• [Exercise details] Return the listing in full and exactly, but without a single picture.

• [Collected material]
=== Begin Enclosure ===

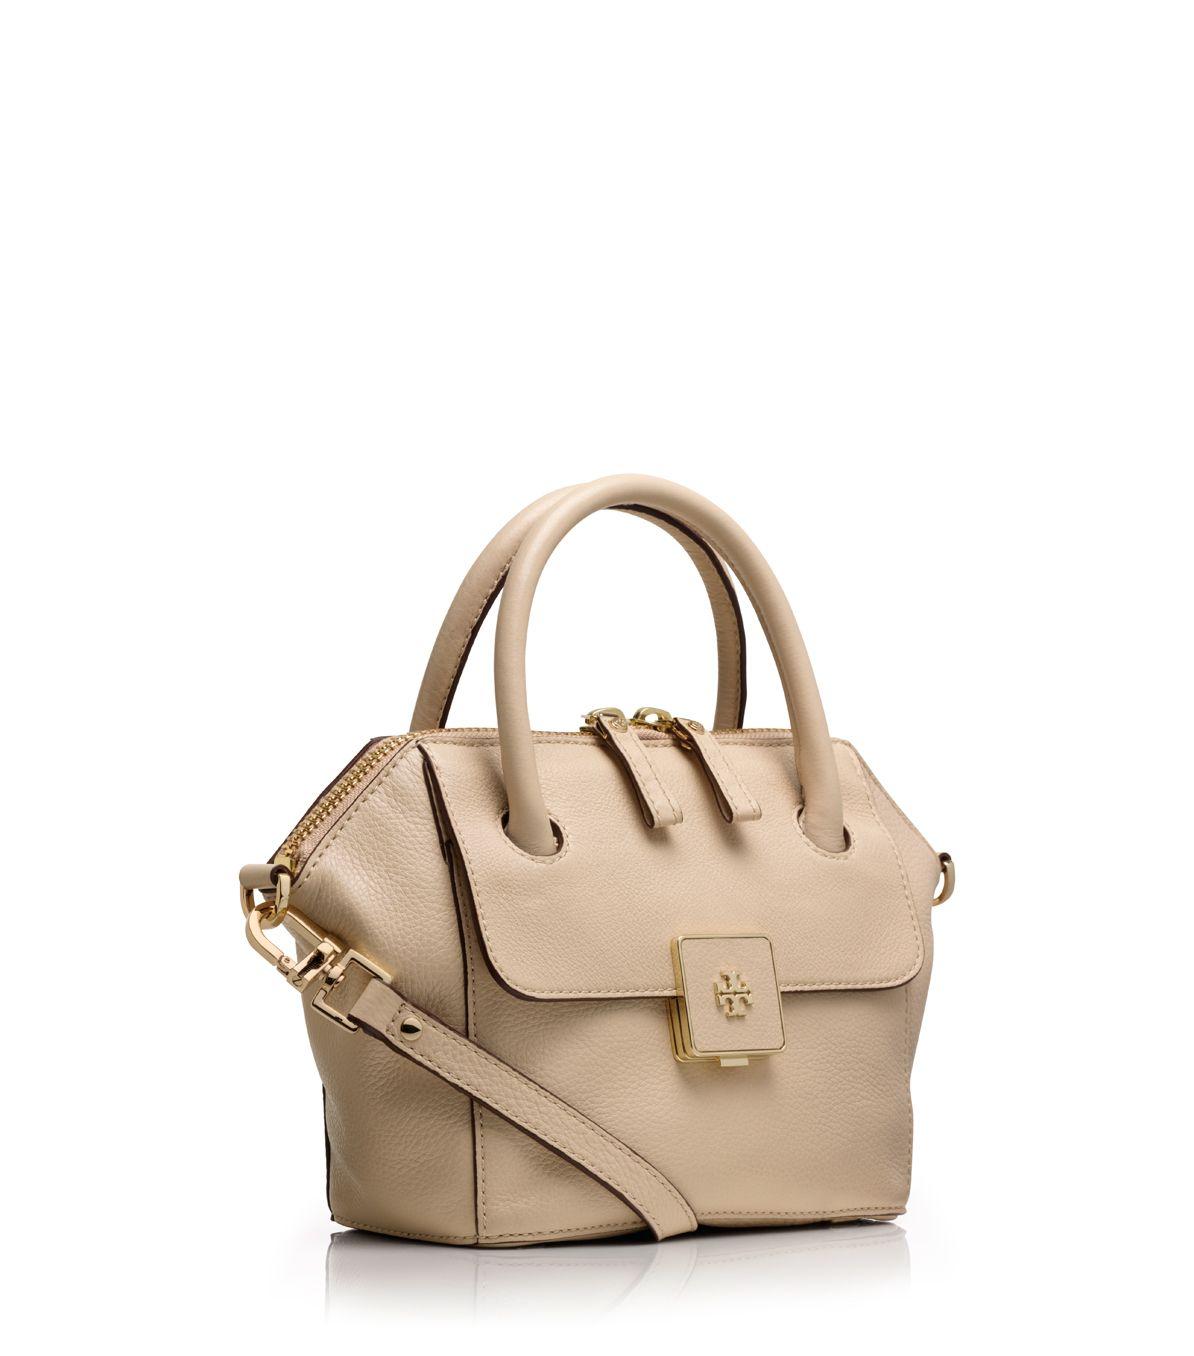 32267950c40 Lyst - Tory Burch Clara Mini Bag in Natural
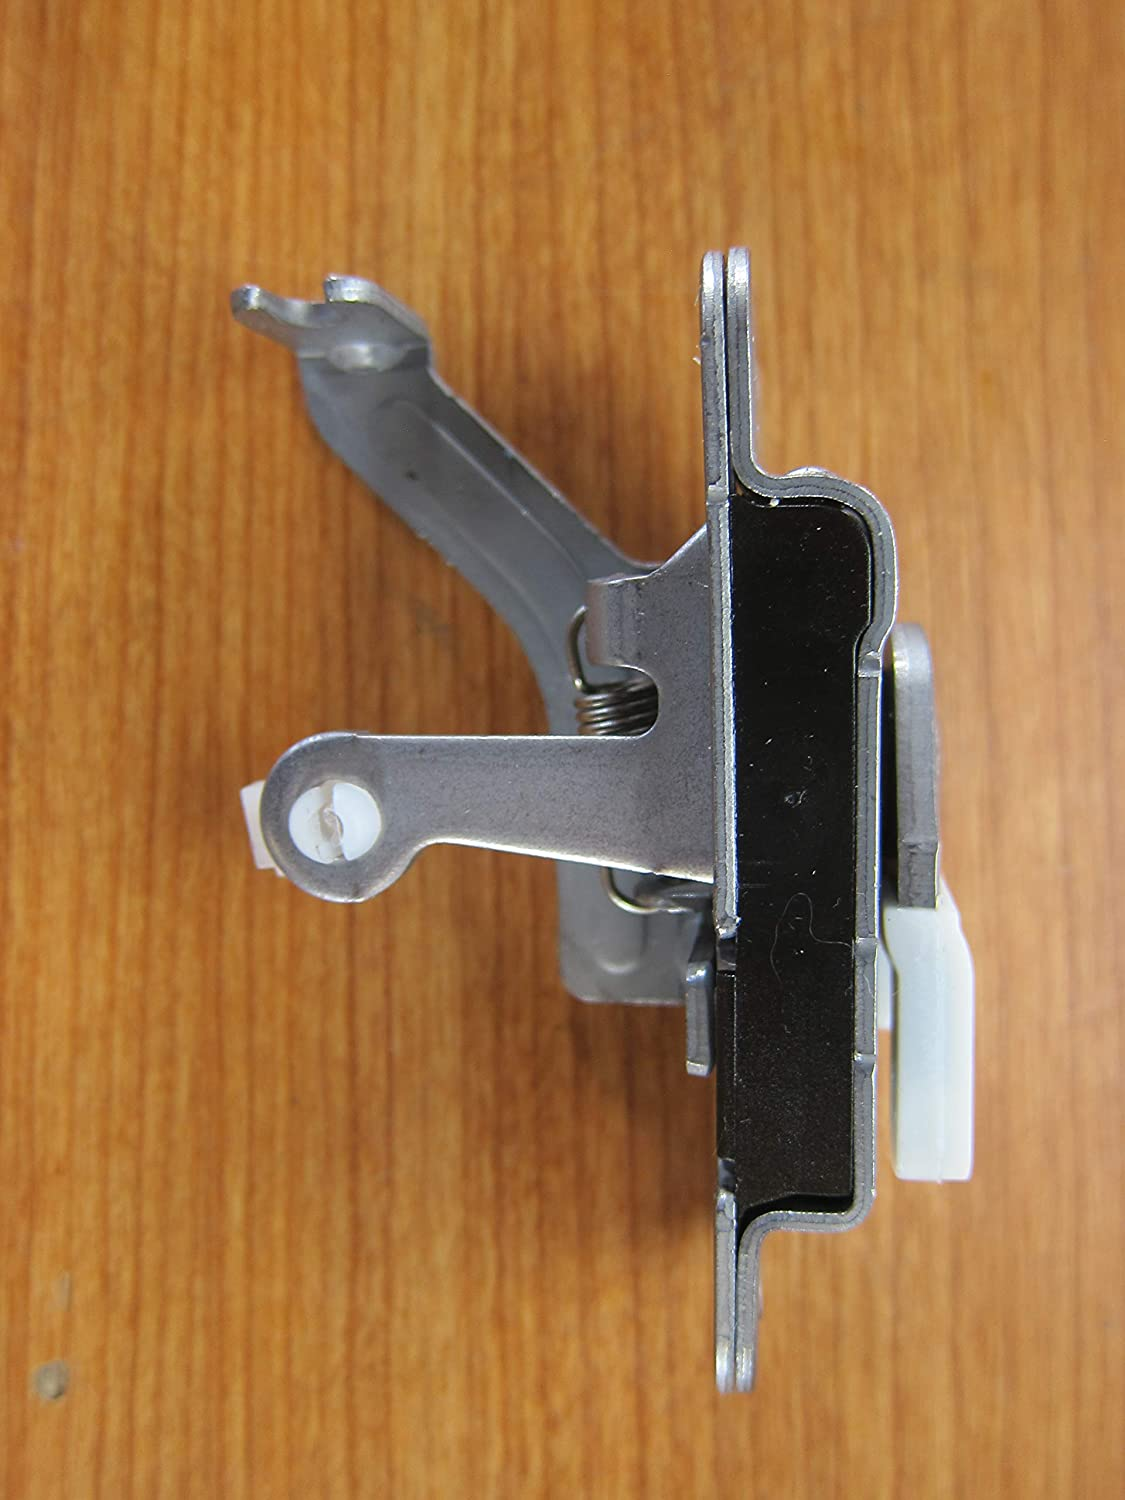 14-18 Ram Promaster Sliding Door Secondary Hook Catch Factory Mopar New Oem
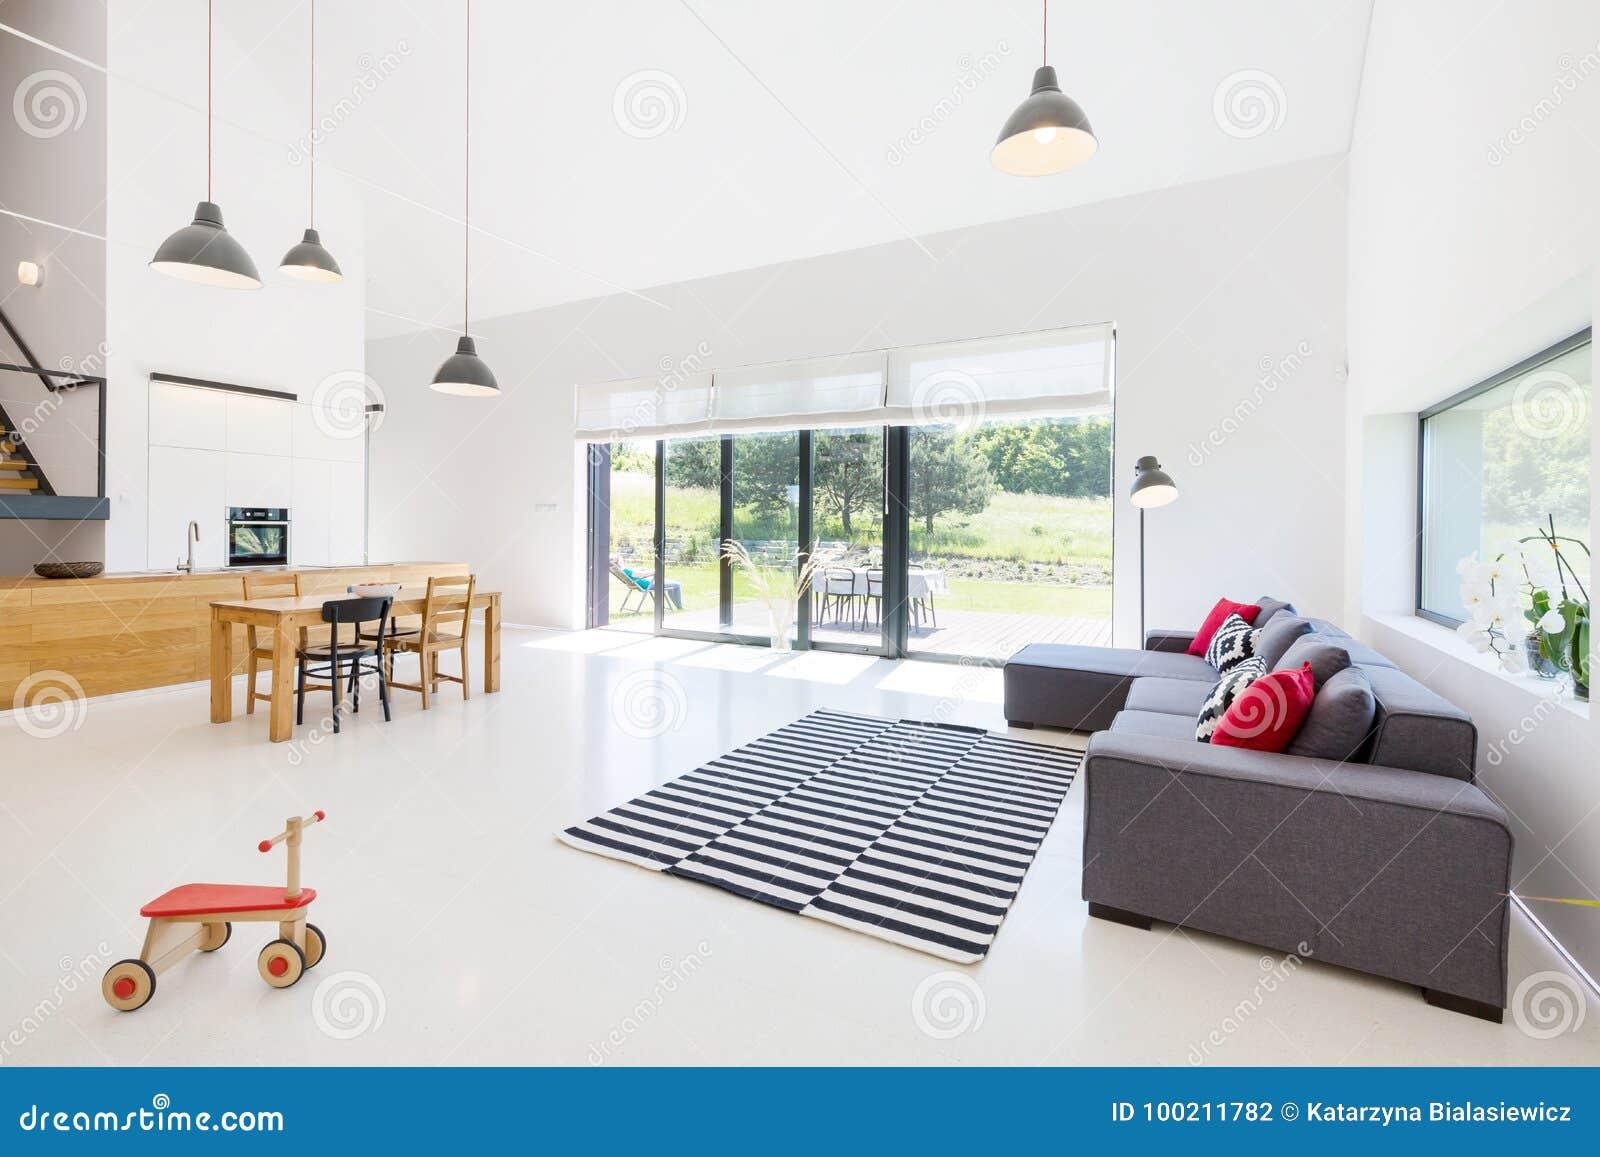 Spiksplinternieuw Woonkamer met Open Keuken stock foto. Afbeelding bestaande uit XU-77

=== End Enclosure ===

• [Answer]
 32267950c40 Lyst - Tory Burch Clara Mini Bag in Natural
 14-18 Ram Promaster Sliding Door Secondary Hook Catch Factory Mopar New Oem
 Spiksplinternieuw Woonkamer met Open Keuken stock foto. Afbeelding bestaande uit XU-77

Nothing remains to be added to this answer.